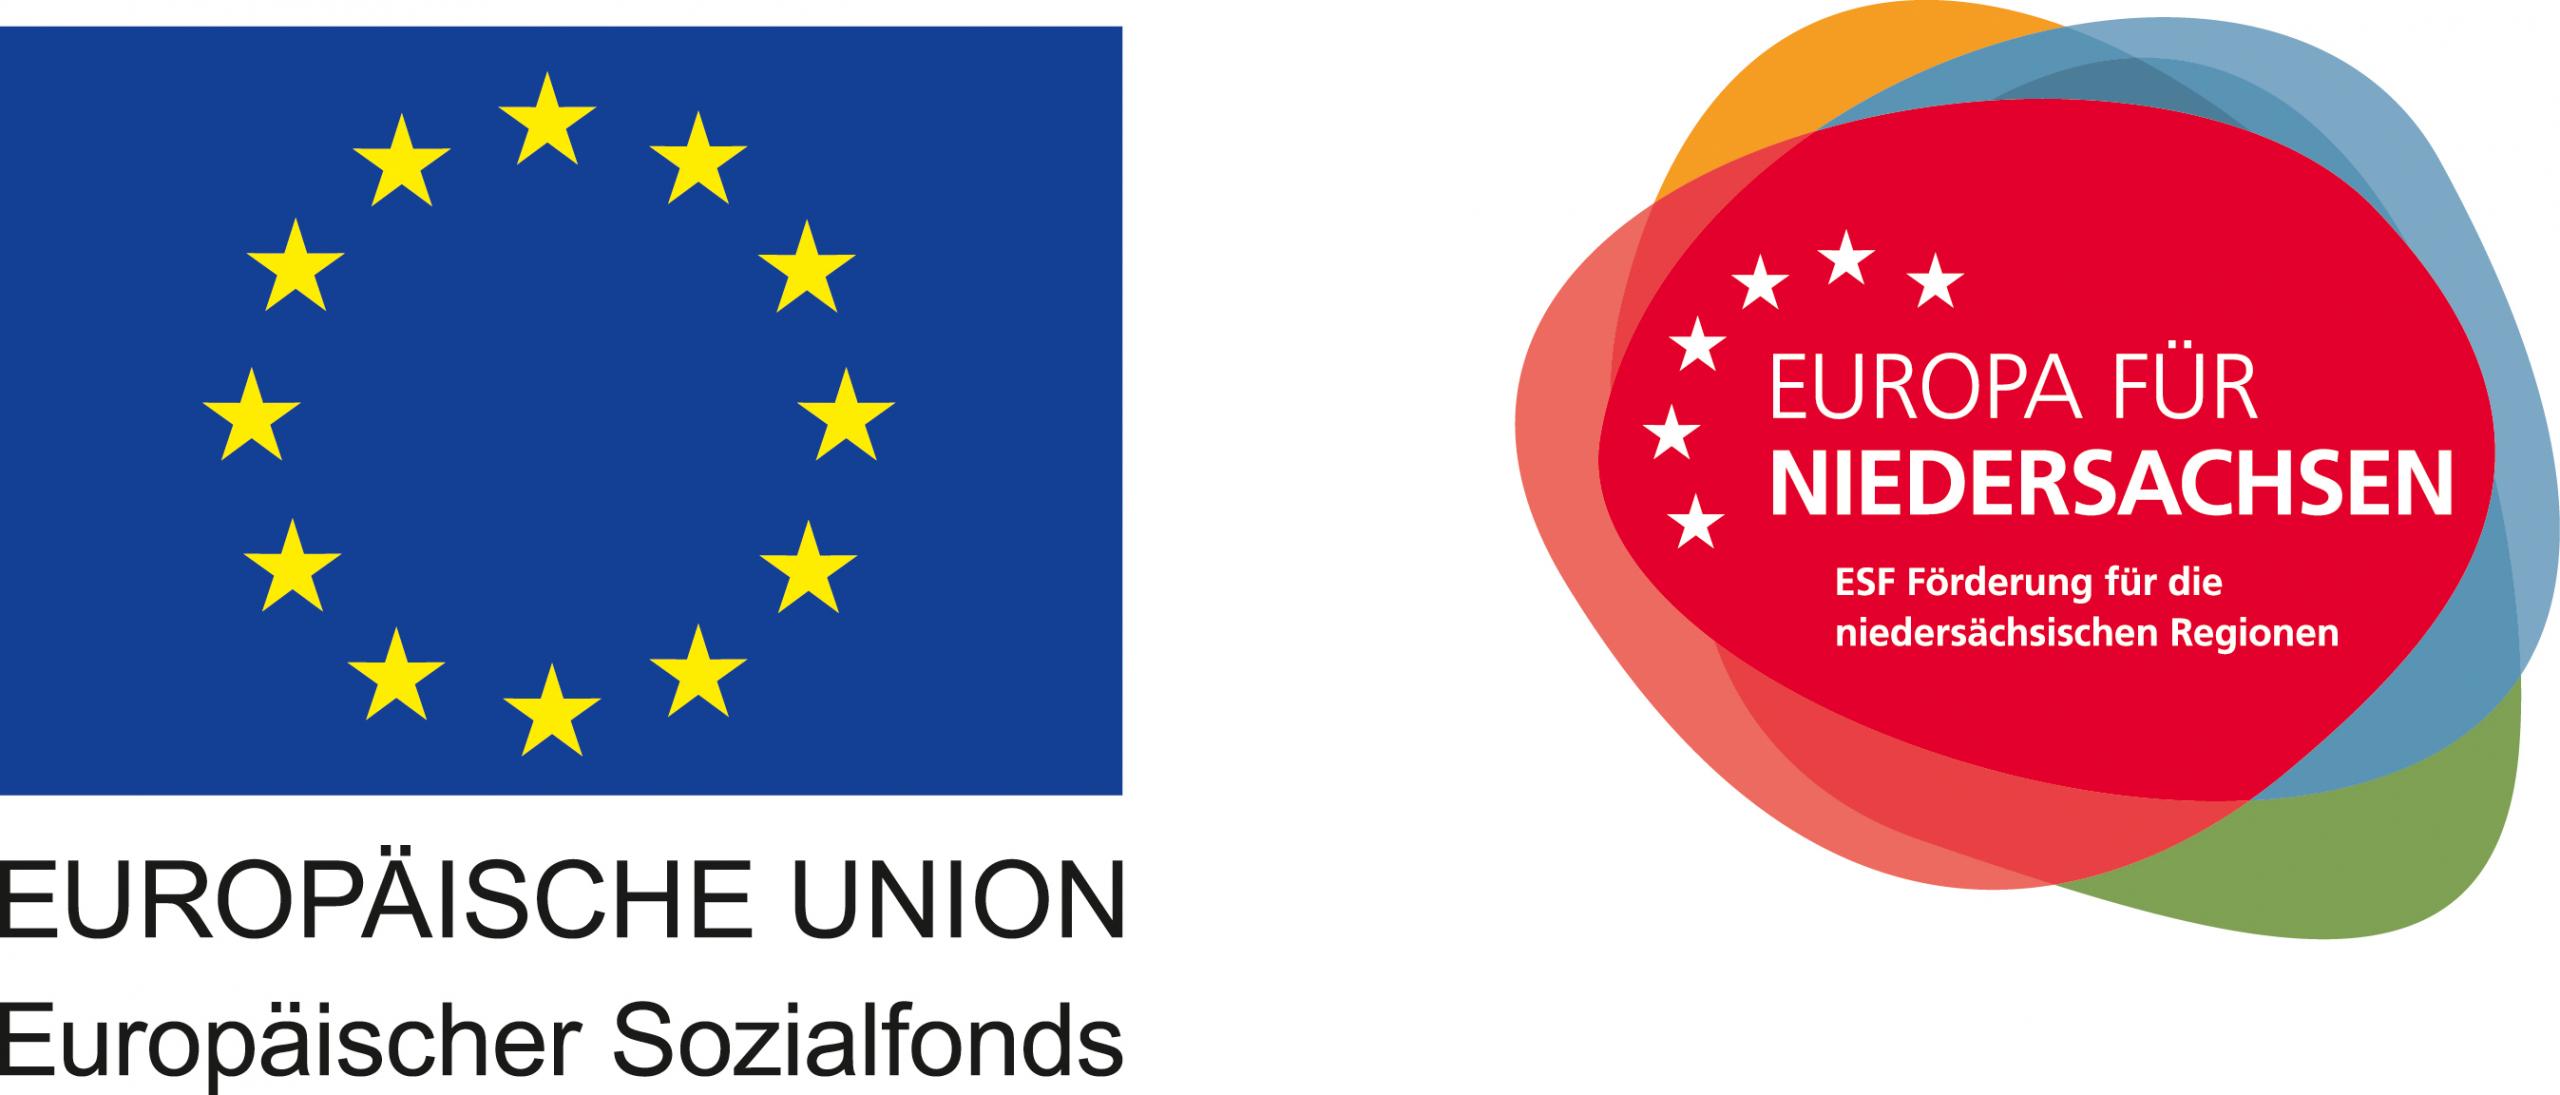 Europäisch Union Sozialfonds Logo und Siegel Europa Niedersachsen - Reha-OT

◇ ◇ ◇ ◇

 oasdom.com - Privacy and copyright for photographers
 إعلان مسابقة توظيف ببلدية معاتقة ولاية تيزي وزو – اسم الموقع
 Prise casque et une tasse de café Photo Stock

◇ ◇ ◇ ◇

Exercise objective
Starting with the line that holds "إعلان مسابقة توظيف" and ending with the line that holds "Prise casque et", retype every line in the data above exactly, and nothing else.

Answer to the problem
 إعلان مسابقة توظيف ببلدية معاتقة ولاية تيزي وزو – اسم الموقع
 Prise casque et une tasse de café Photo Stock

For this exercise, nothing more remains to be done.